Using GeneBee, we predicted the RNA secondary structures of the SNPs of the BMP2 and BMP4 genes. The results showed that BMP2 c261A>G and BMP4 c455T>C substitutions led to different mRNA structures between c261A and c261G alleles and between c455T and c455C alleles, respectively (Figure 4). The free energy of BMP2 mRNAs was affected by A/G substitution (−299.3 kcal/mol for the A allele and −295.5 kcal/mol for the G allele), and the free energy of BMP4 was −275.3 for the T allele and −274.4 for the C allele, although these protein secondary structures are unmodified (data not shown).Capasso et al. (2009) have observed that BMP4 c455T>C changes the BMP4 mRNA secondary structures between c455T and c455C and that BMP4 mRNA and protein expression levels were higher in the T allele in a southern Italy population. The above data imply that the BMP2 G allele and BMP4 C allele require higher energy for mRNA stability.

Figure 4.

Figure 4

Open in a new tab

Predicted mRNA secondary structures of BMP2 and BMP4 coding region alleles. SNPs of BMP2 c261A>G and BMP4 c455T>C cause changes of the mRNA secondary structures and free-energy parameters. Higher free energy is need for the secondary formation of BMP2 G-allele and BMP4 C-allele. The differences of the secondary structures of BMP2 and BMP4 SNPs are indicated by arrows.

DISCUSSION

The phenotype of dental agenesis is complicated and displays distinct patterns in the permanent dentition. Familial tooth agenesis can occur either as an isolated anomaly (non-syndromic hypodontia) involving one, several, or many teeth or as part of a systemic condition or syndrome (syndromic hypodontia). Aside from tooth agenesis, anomalies such as reduced tooth dimension and morphologic abnormalities can also occur. In this study, neither family displayed abnormalities in other organs. Therefore, their phenotypes were classified as non-syndromic oligodontia.
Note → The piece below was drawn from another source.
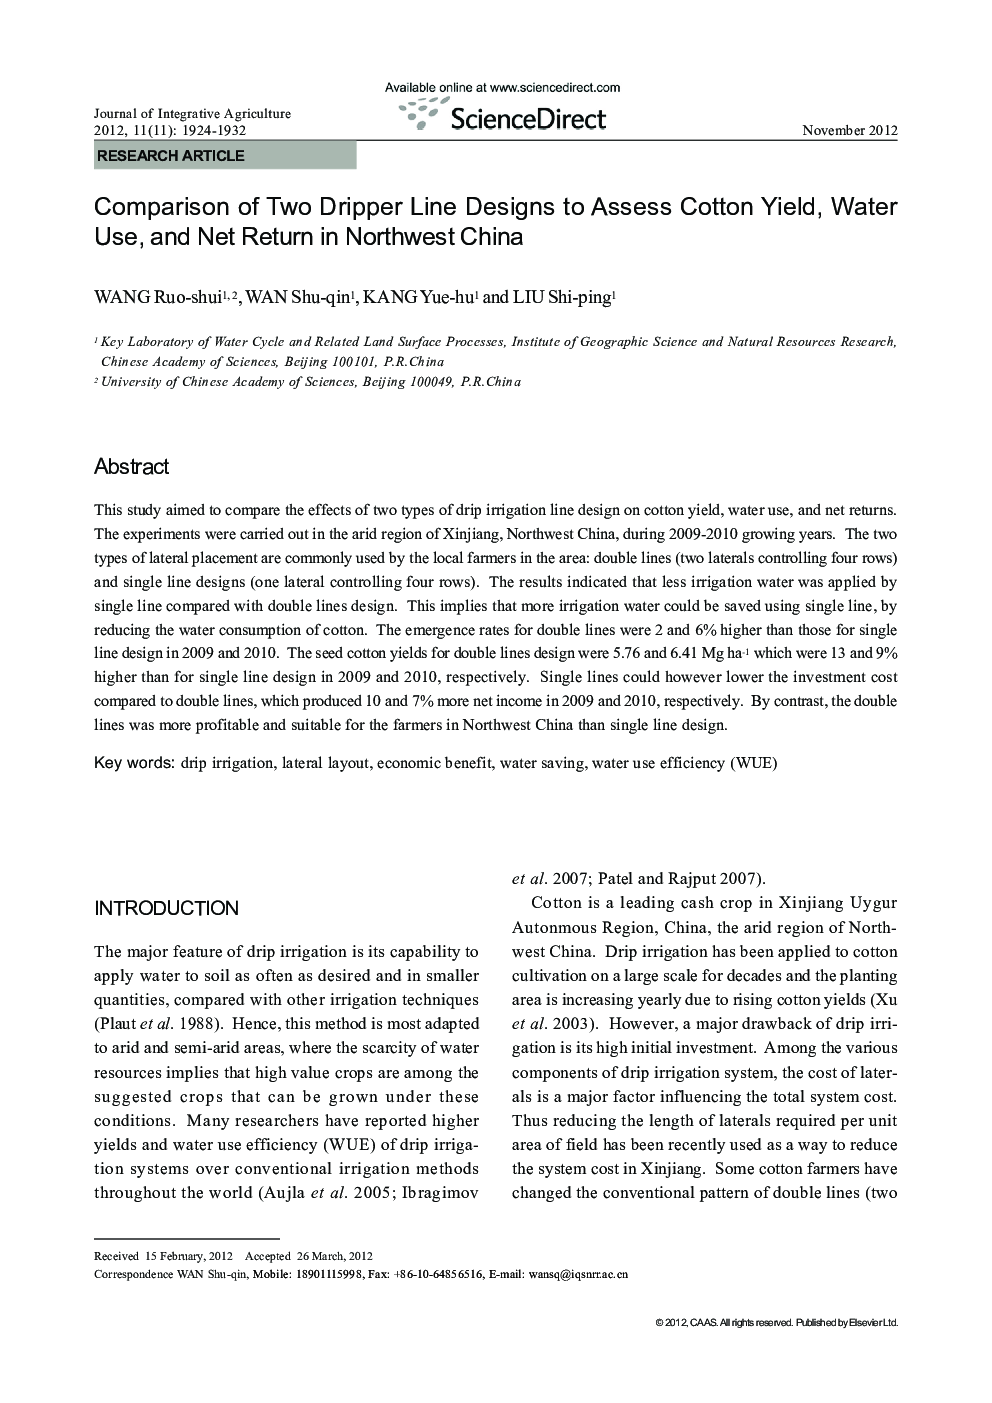 Comparison of Two Dripper Line Designs to Assess Cotton Yield, Water Use, and Net Return in Northwest China
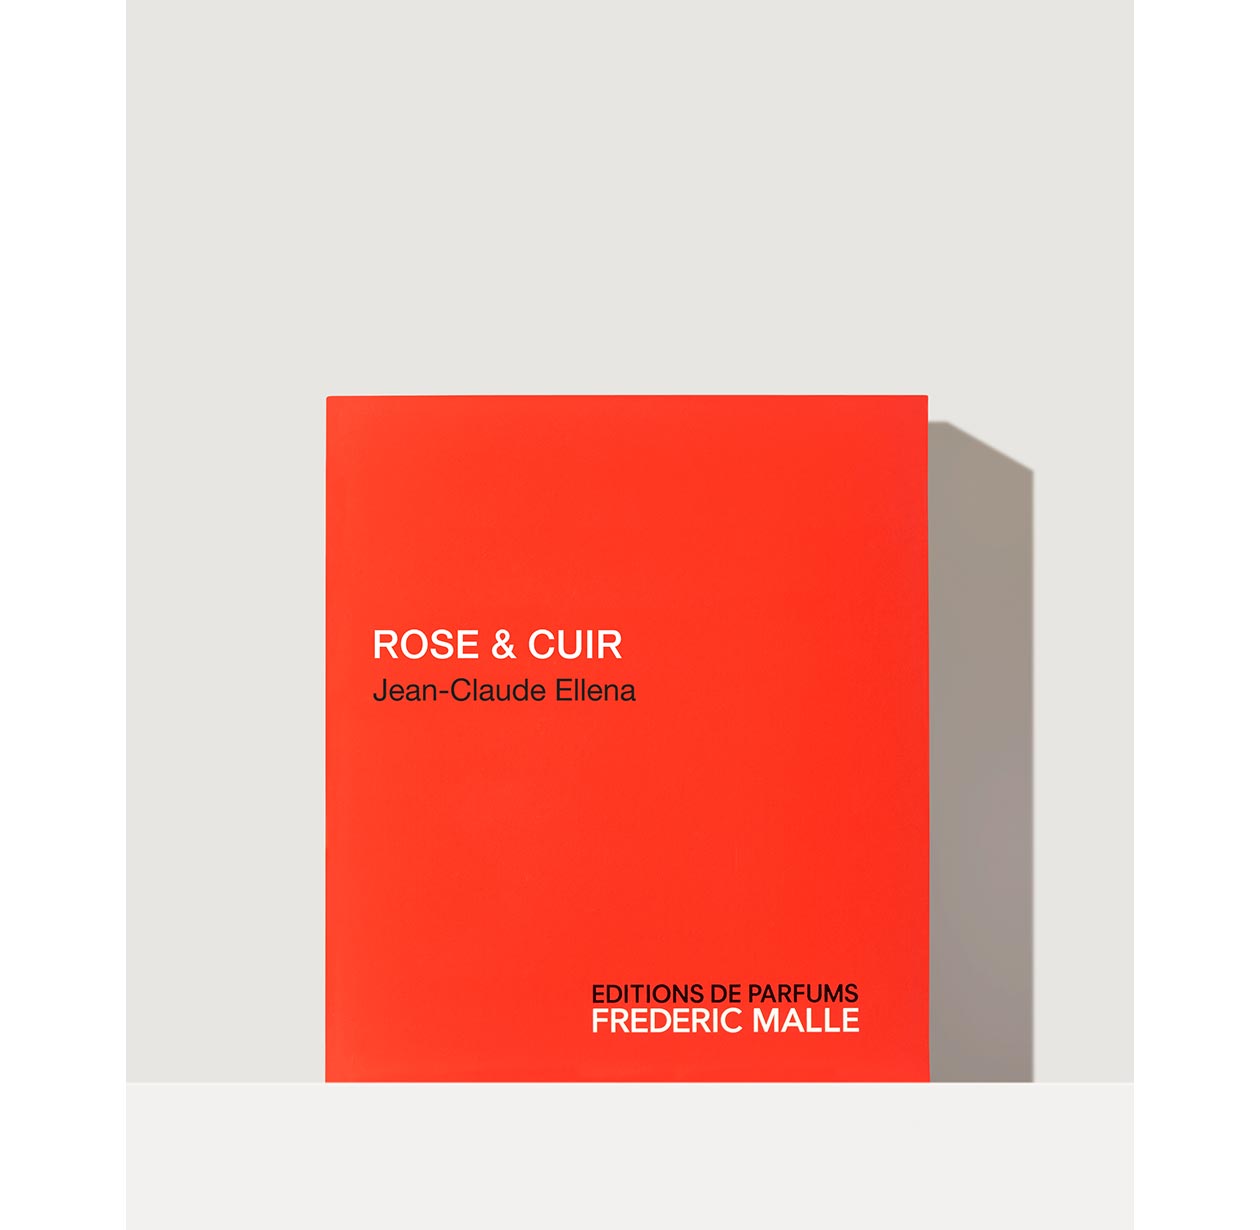 Rose & Cuir by Jean-Claude Ellena | Frederic Malle

The number and positions of missing teeth differed between the families. In family 1, the missing teeth of the affected subjects were identified mainly as incisors and premolars, whereas affected members of family 2 exhibited missing molars as well as missing incisors and premolars (see Figure 2 and Table 2). Additionally, subject II:2 of family 2 had a peg-shaped upper lateral incisor, and the contralateral incisor was absent. According to the literature, the peg shape of the upper lateral incisor is usually accompanied by absence of the contralateral incisor. Therefore, we concluded that a peg-shaped lateral incisor and the absence of lateral incisors are different patterns of the same genetic trait (Nieminen, 2009).

Analysis of the phenotypic characteristics of the affected members revealed several traits in the congenitally missing teeth: 1) The maxillary lateral incisors were the most frequently teeth involved in oligodontia or hypodontia, followed by the maxillary second premolar and mandibular central incisor; on the contrary, the canine was the least frequently absent. 2) The number of missing teeth on the left and right arches was similar. 3) No significant difference occurred between the number of missing teeth in the upper and lower dentition. These findings are not completely in accordance with observations from other reports, especially concerning the positions of the most frequently missing teeth, which may be caused by different gene defects (Arte et al., 2001).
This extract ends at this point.